***** Data shown *****

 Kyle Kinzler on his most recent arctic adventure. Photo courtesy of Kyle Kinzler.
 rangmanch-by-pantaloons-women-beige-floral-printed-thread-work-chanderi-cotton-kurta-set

*****
***** Data shown *****

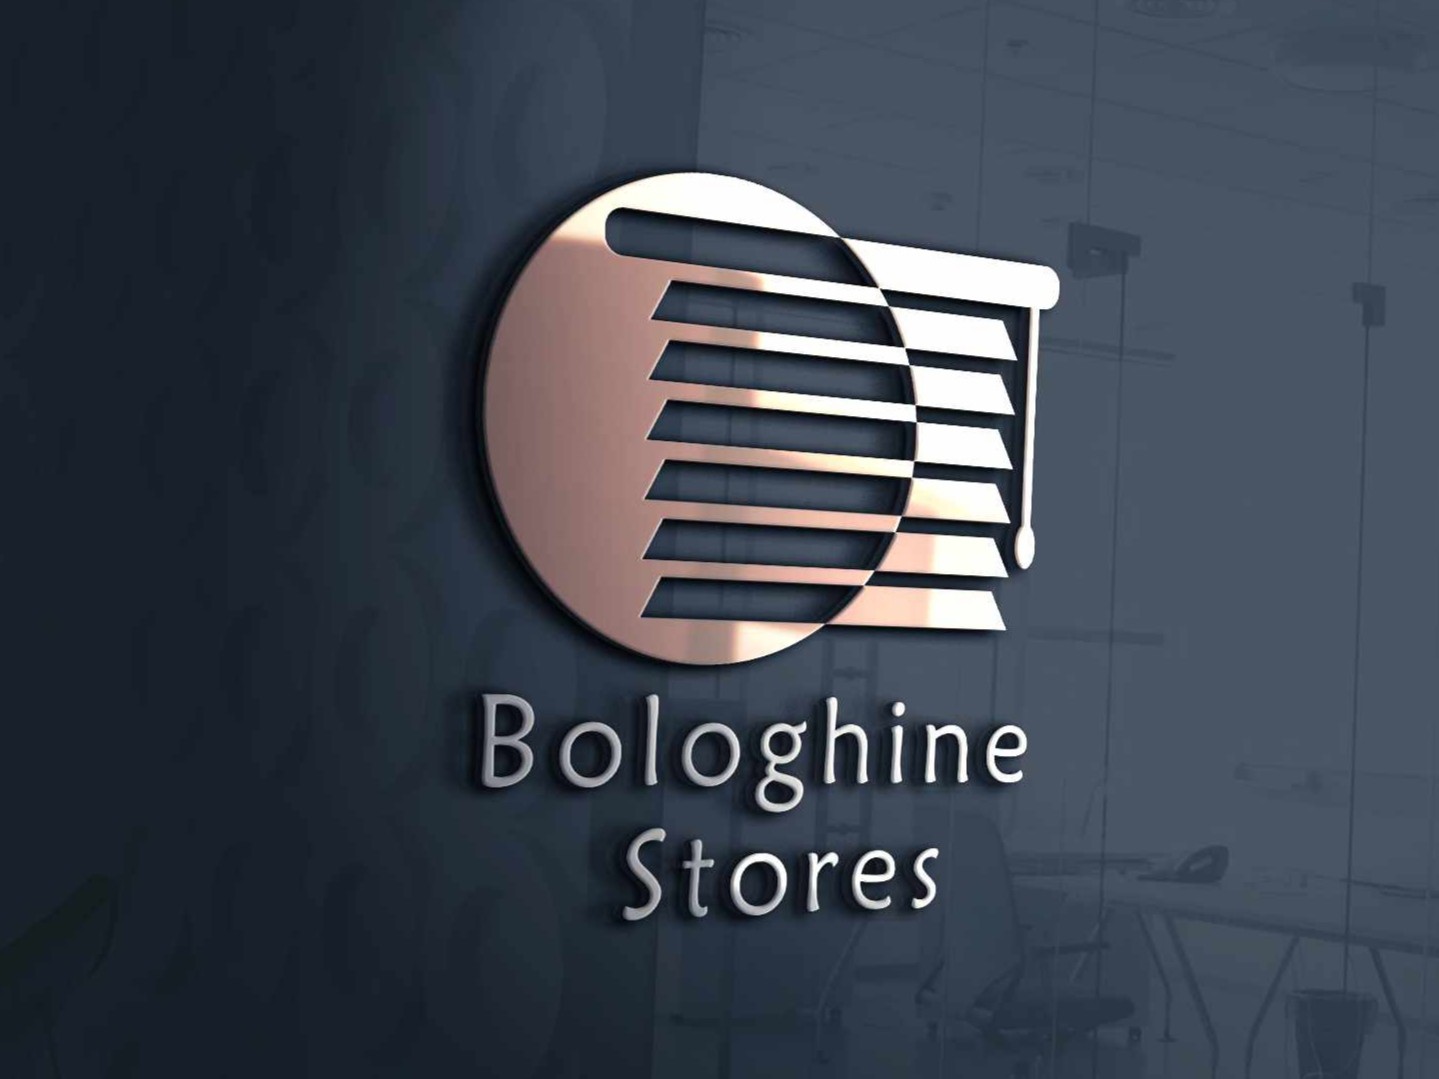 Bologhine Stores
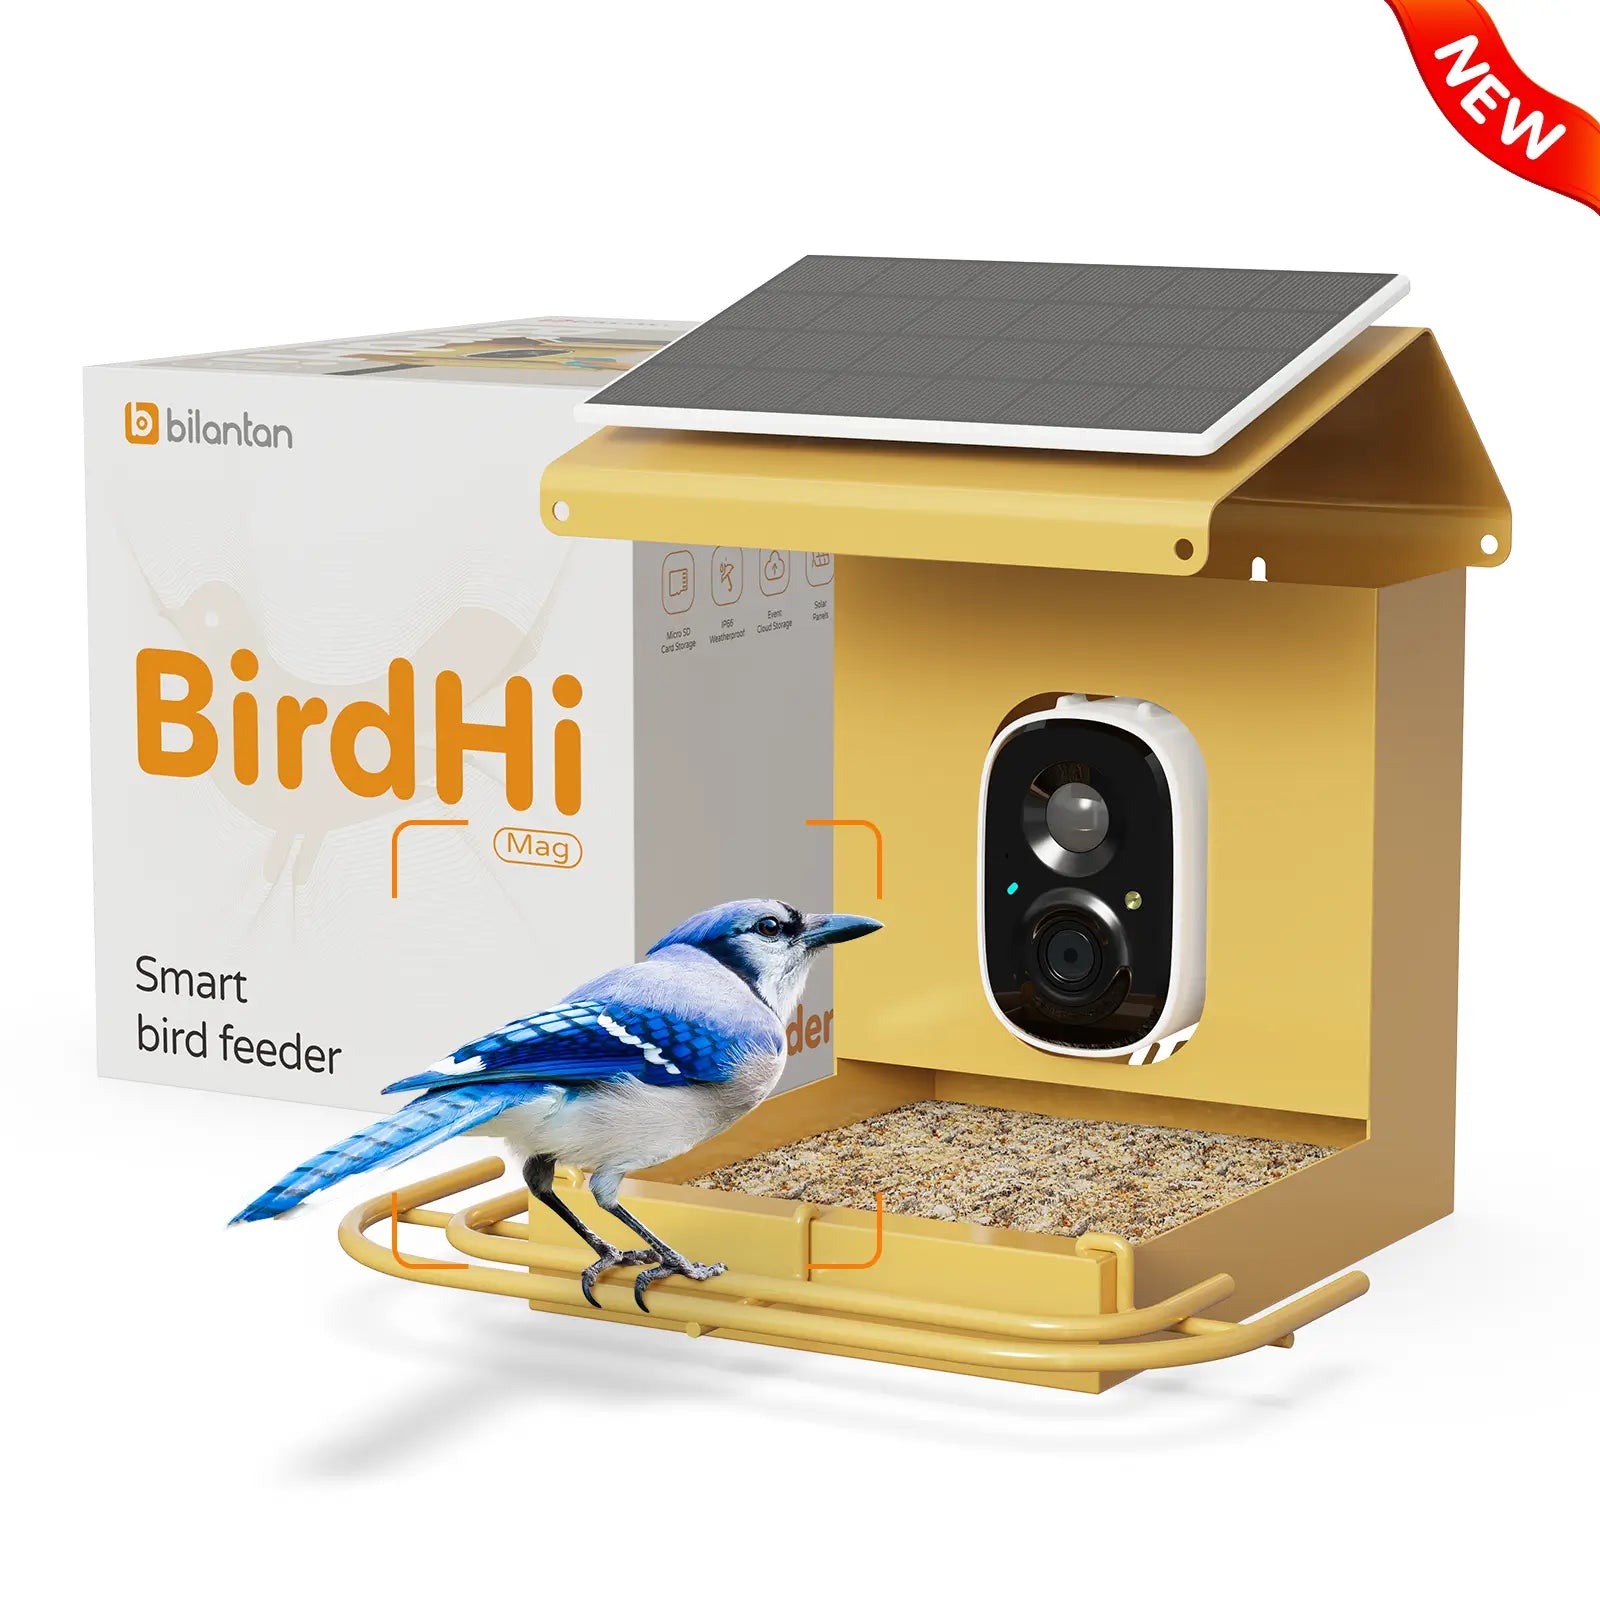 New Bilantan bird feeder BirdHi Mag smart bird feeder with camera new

*****
***** Data shown *****

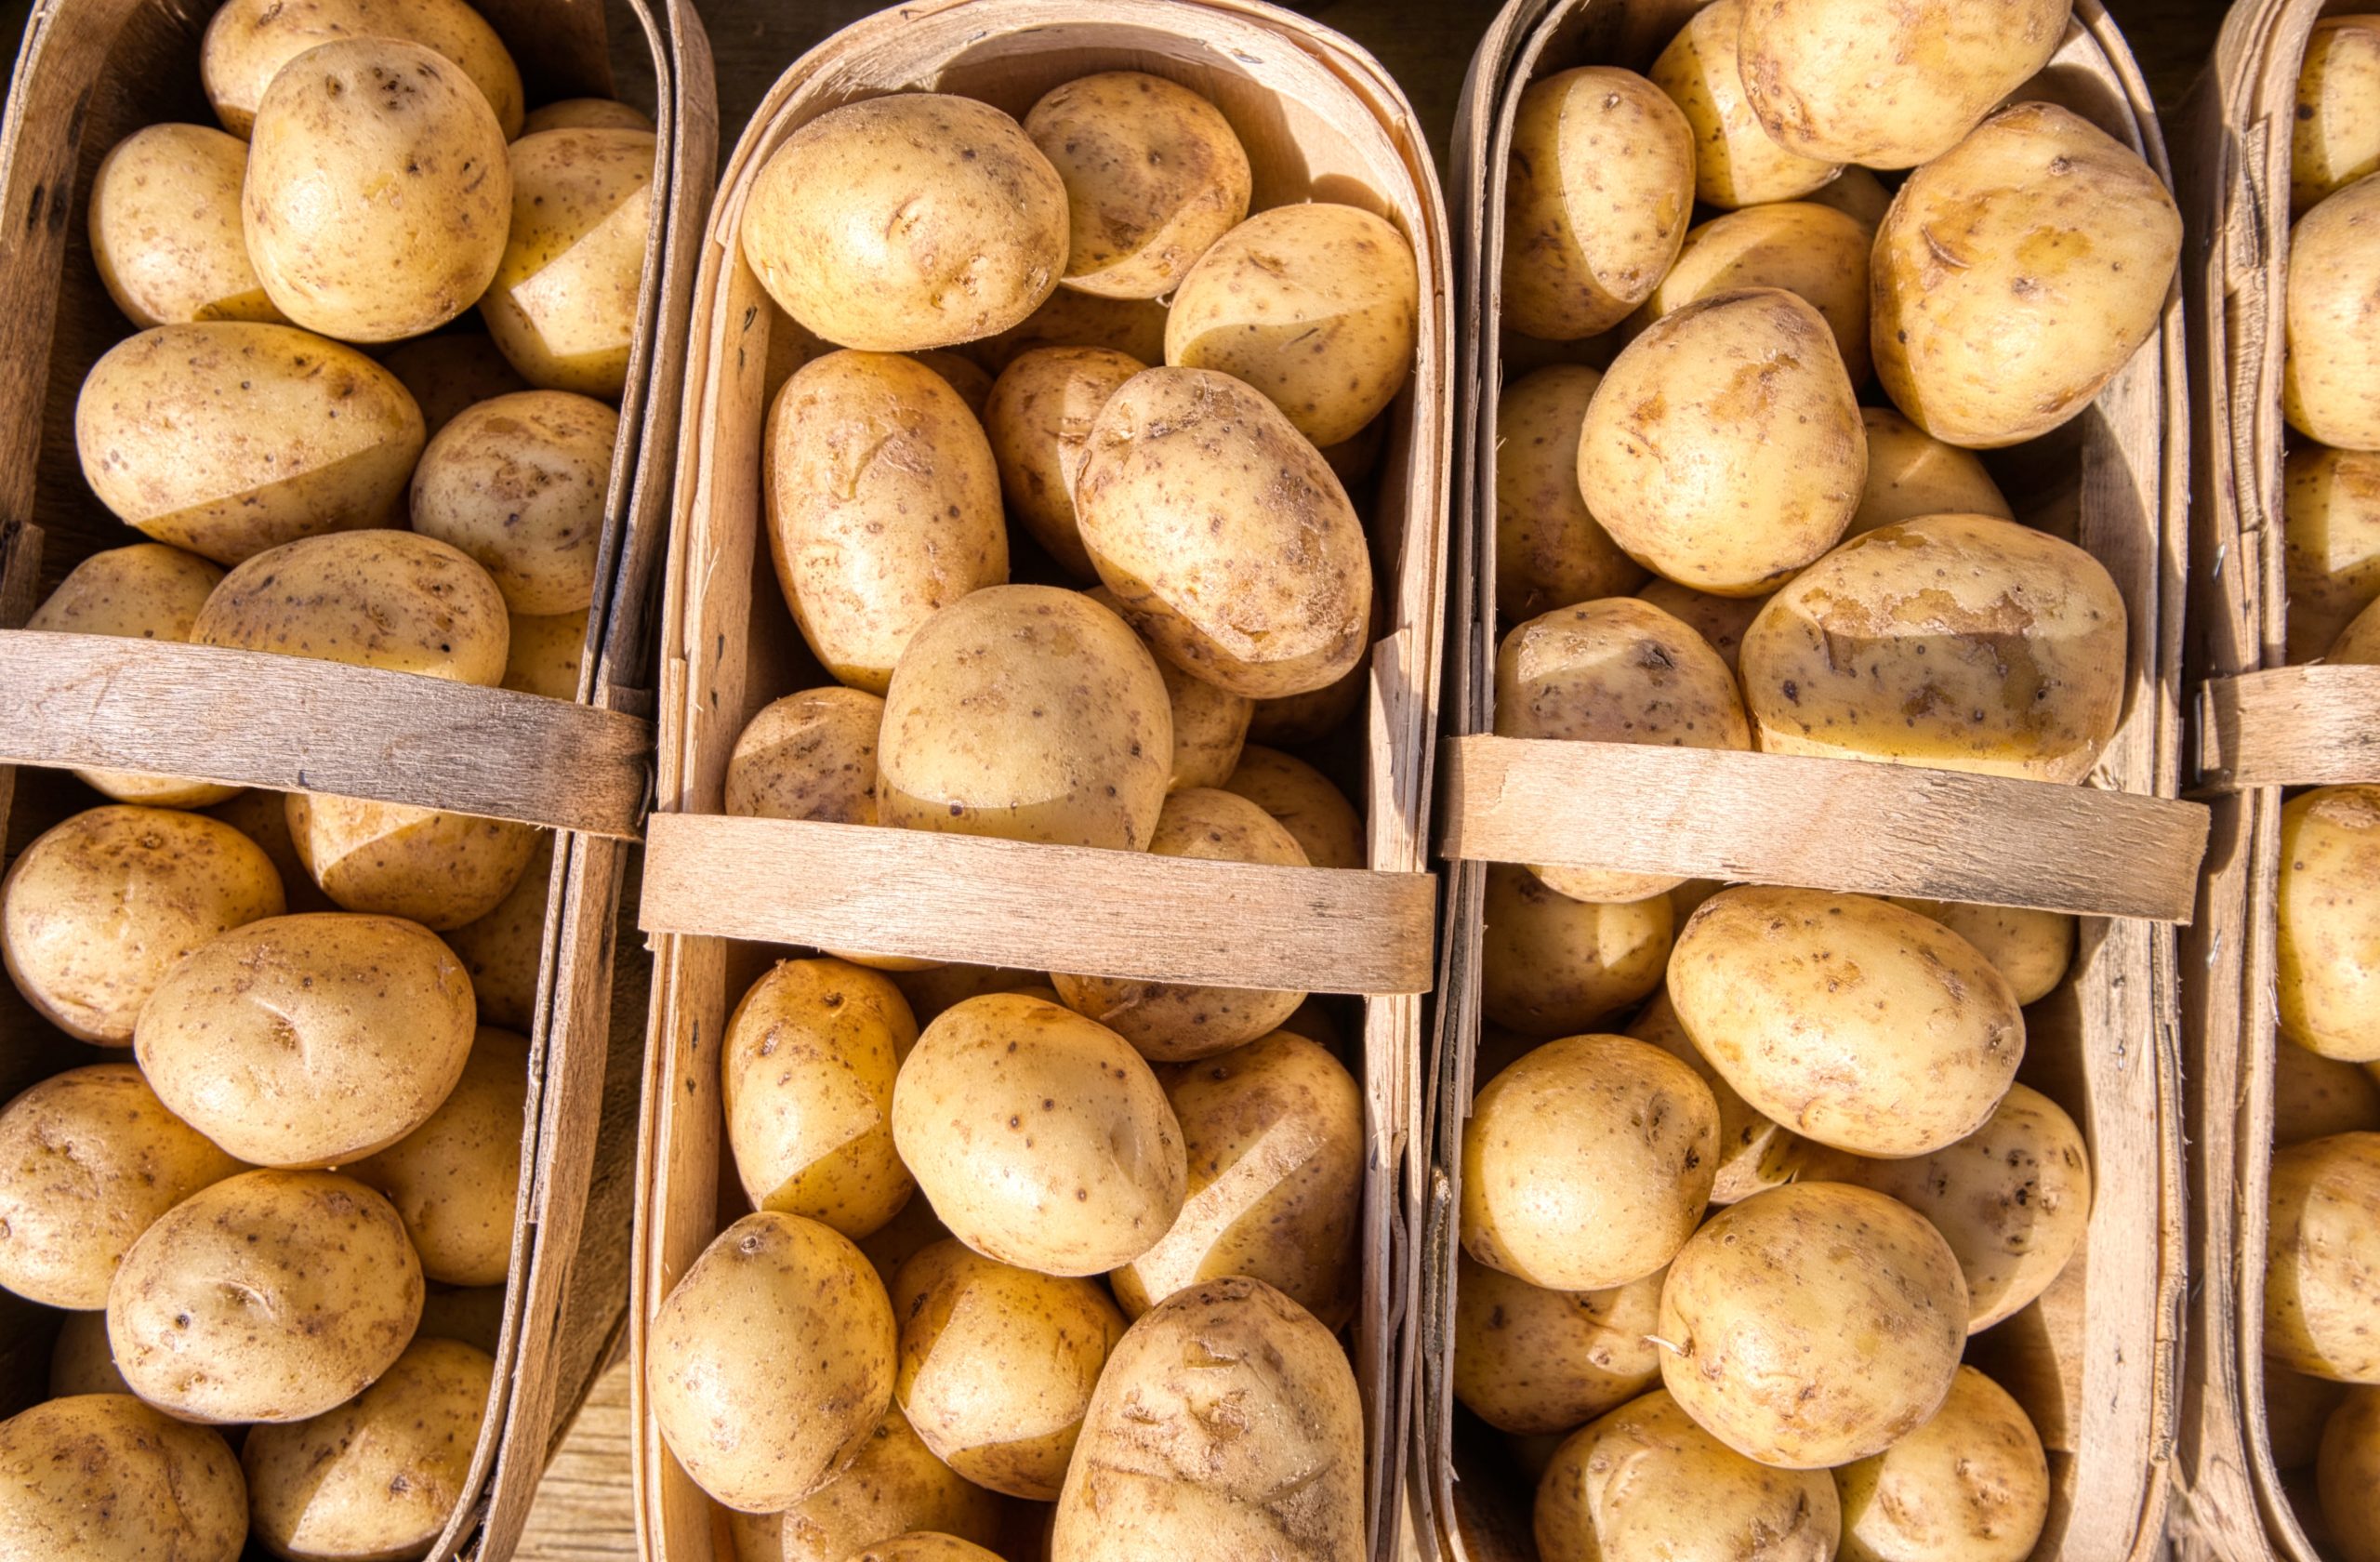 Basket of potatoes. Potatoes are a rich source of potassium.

*****

Print, exactly and with no pictures, the lines of the listing above starting at the one that has "Bologhine Stores" and ending at the one that has "New Bilantan bird", both included.

- **Exercise result**
 Bologhine Stores
 New Bilantan bird feeder BirdHi Mag smart bird feeder with camera new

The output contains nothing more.